In this tutorial, we will be exploring Part 10 of the PyTorch FSDP (Full Stack Deep Learning) series, which covers an end-to-end walkthrough of PyTorch FSDP. PyTorch FSDP is a new PyTorch extension that provides full-stack support for distributed and mixed-precision training of deep learning models. In this tutorial, we will go through the steps required to use PyTorch FSDP in your deep learning projects.

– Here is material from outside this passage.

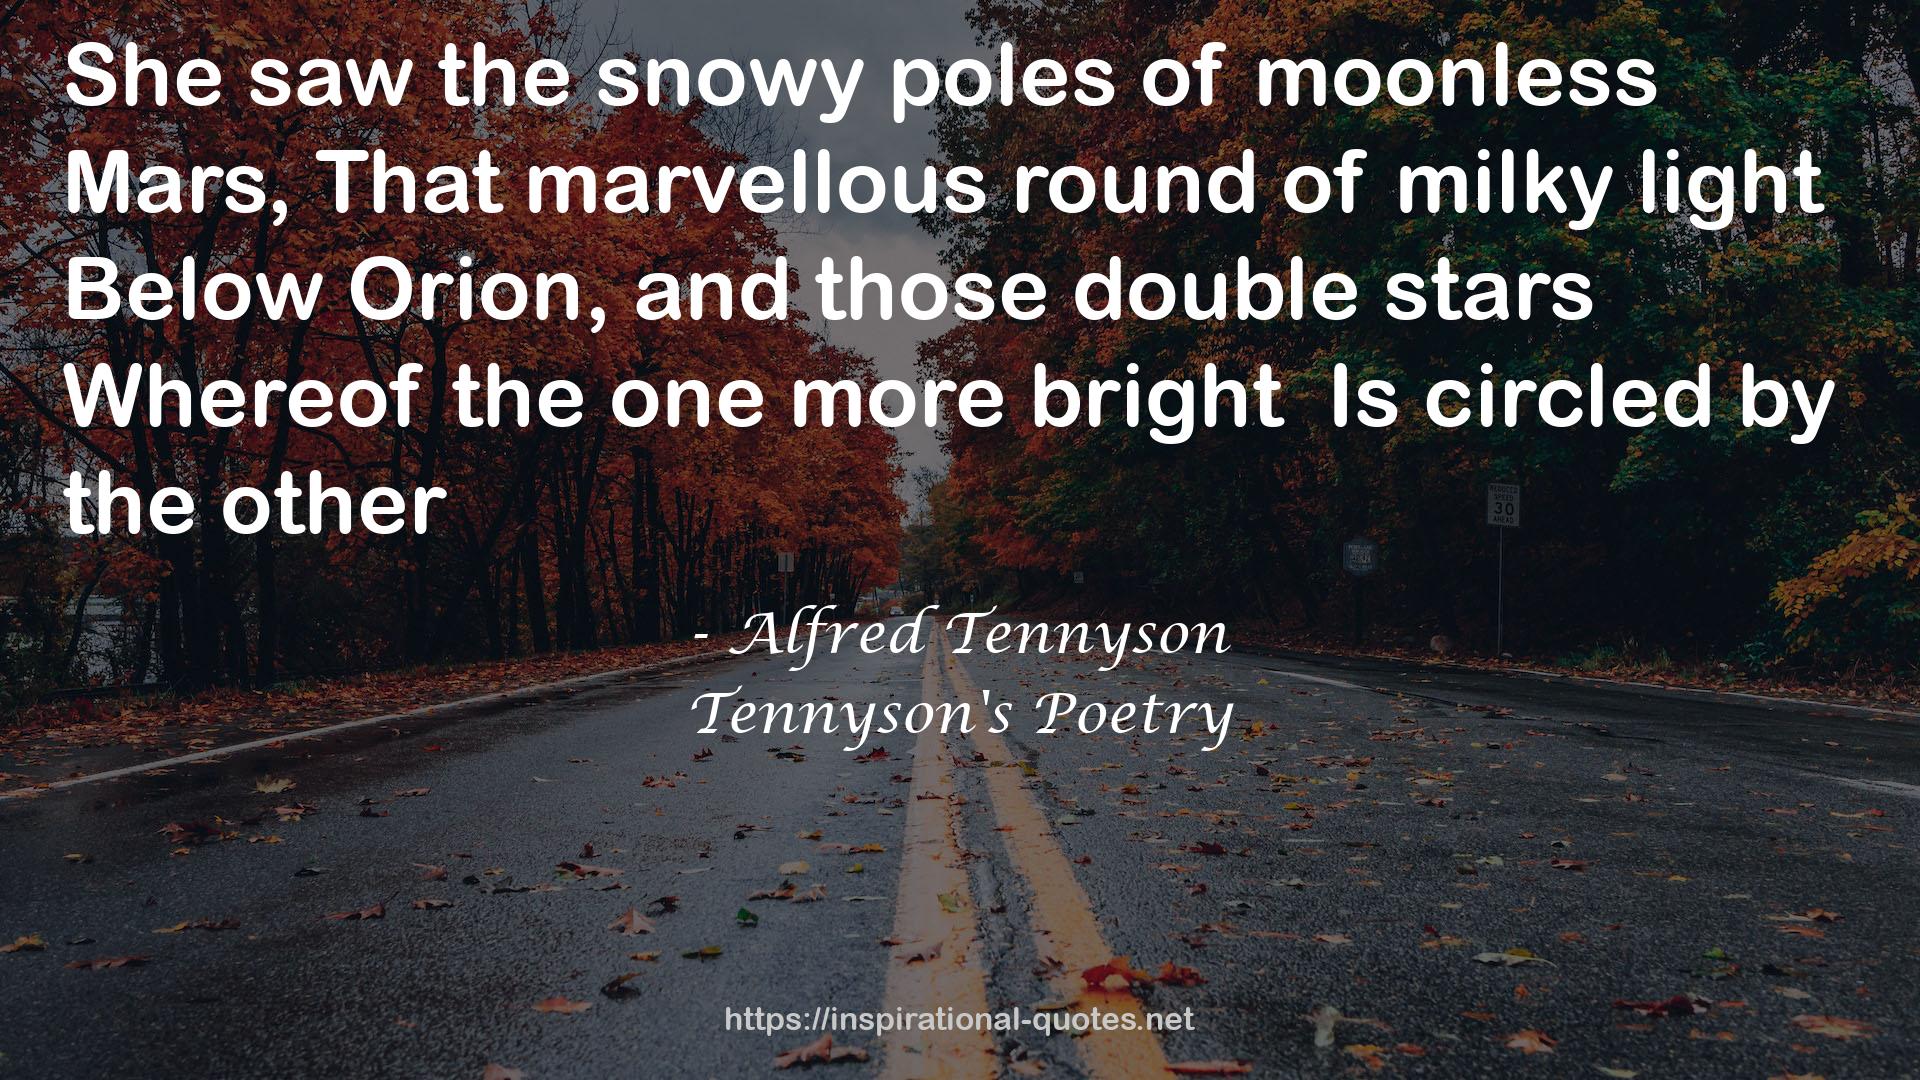 Tennyson's Poetry QUOTES
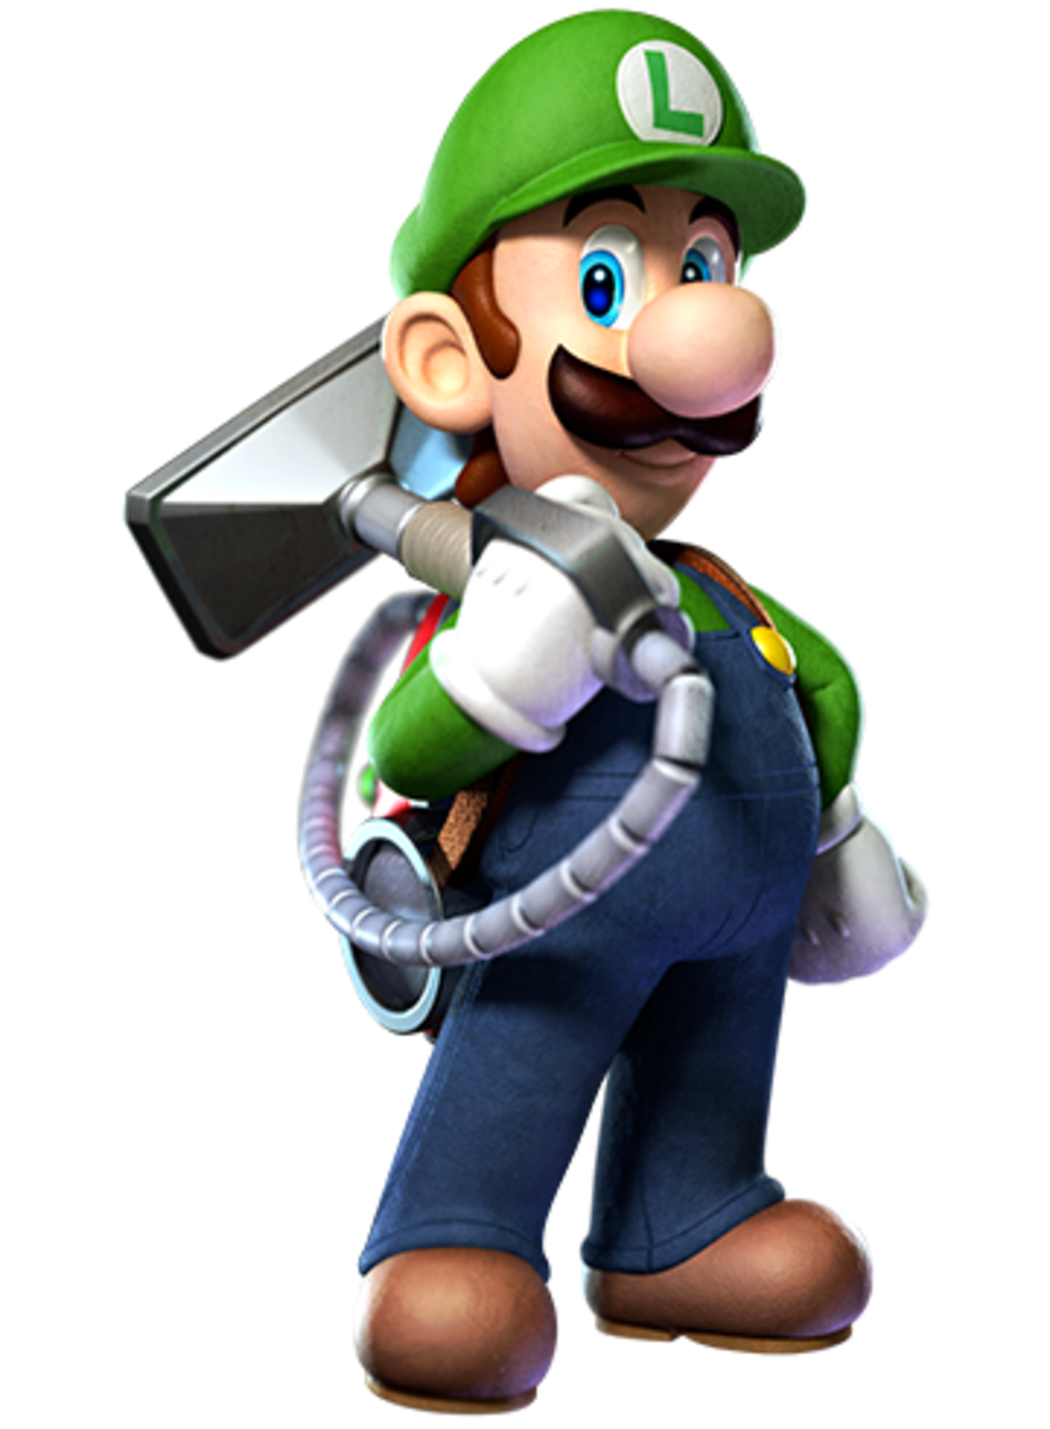 Regulación distorsionar Coordinar Luigi's Mansion: Dark Moon for Nintendo 3DS - Nintendo Official Site

Step 1: Install PyTorch FSDP
The first step in using PyTorch FSDP is to install the package. You can easily install PyTorch FSDP using pip by running the following command:
pip install fsdp
Step 2: Import PyTorch FSDP
Once you have installed PyTorch FSDP, you can import it in your Python code by adding the following import statement:
import torch
from fsdp import FullyShardedDataParallel as FSDP
Step 3: Define your model
Next, you will need to define your deep learning model. You can use any PyTorch model architecture, such as a ResNet, DenseNet, or a custom model. Here is an example of how you can define a simple feedforward neural network using PyTorch:
class Net(nn.Module):
def __init__(self):
super(Net, self).__init__()
self.fc1 = nn.Linear(784, 128)
self.fc2 = nn.Linear(128, 10)
def forward(self, x):
x = F.relu(self.fc1(x))
x = self.fc2(x)
return F.log_softmax(x, dim=1)
Step 4: Initialize FSDP
To use FSDP with your model, you need to wrap your model with the FSDP module. You can do this by creating an instance of the FSDP class and passing in your model and any additional parameters such as optimizer and loss function. Here is an example of how to initialize FSDP with your model:
# Initialize FSDP
model = Net()
model = FSDP(model)
Step 5: Data Loading and Training
After initializing FSDP with your model, you can proceed with loading your data and training your model as you would with a regular PyTorch model. Make sure to use the FSDP module to train your model with distributed and mixed-precision training. Here is an example of how you can load your data and train your model using FSDP:
# Data loading
train_dataset = datasets.MNIST('../data', train=True, download=True,
transform=transforms.Compose([
transforms.ToTensor(),
transforms.Normalize((0.1307,), (0.3081,))
]))
train_loader = torch.utils.data.DataLoader(train_dataset, batch_size=args.batch_size, shuffle=True)
# Training loop
for data, target in train_loader:
optimizer.zero_grad()
data, target = data.to(device), target.to(device)
output = model(data)
loss = F.nll_loss(output, target)
model.backward(loss)
optimizer.step()
Step 6: Evaluation
After training your model, you can evaluate its performance on a test set using the FSDP module. You can do this by disabling the gradient calculation during evaluation and running your model on the test dataset. Here is an example of how you can evaluate your model using FSDP:
# Evaluation loop
model.eval()
test_loss = 0
correct = 0
with torch.no_grad():
for data, target in test_loader:
data, target = data.to(device), target.to(device)
output = model(data)
test_loss += F.nll_loss(output, target, reduction='sum').item() # sum up batch loss
pred = output.argmax(dim=1, keepdim=True) # get the index of the max log-probability
correct += pred.eq(target.view_as(pred)).sum().item()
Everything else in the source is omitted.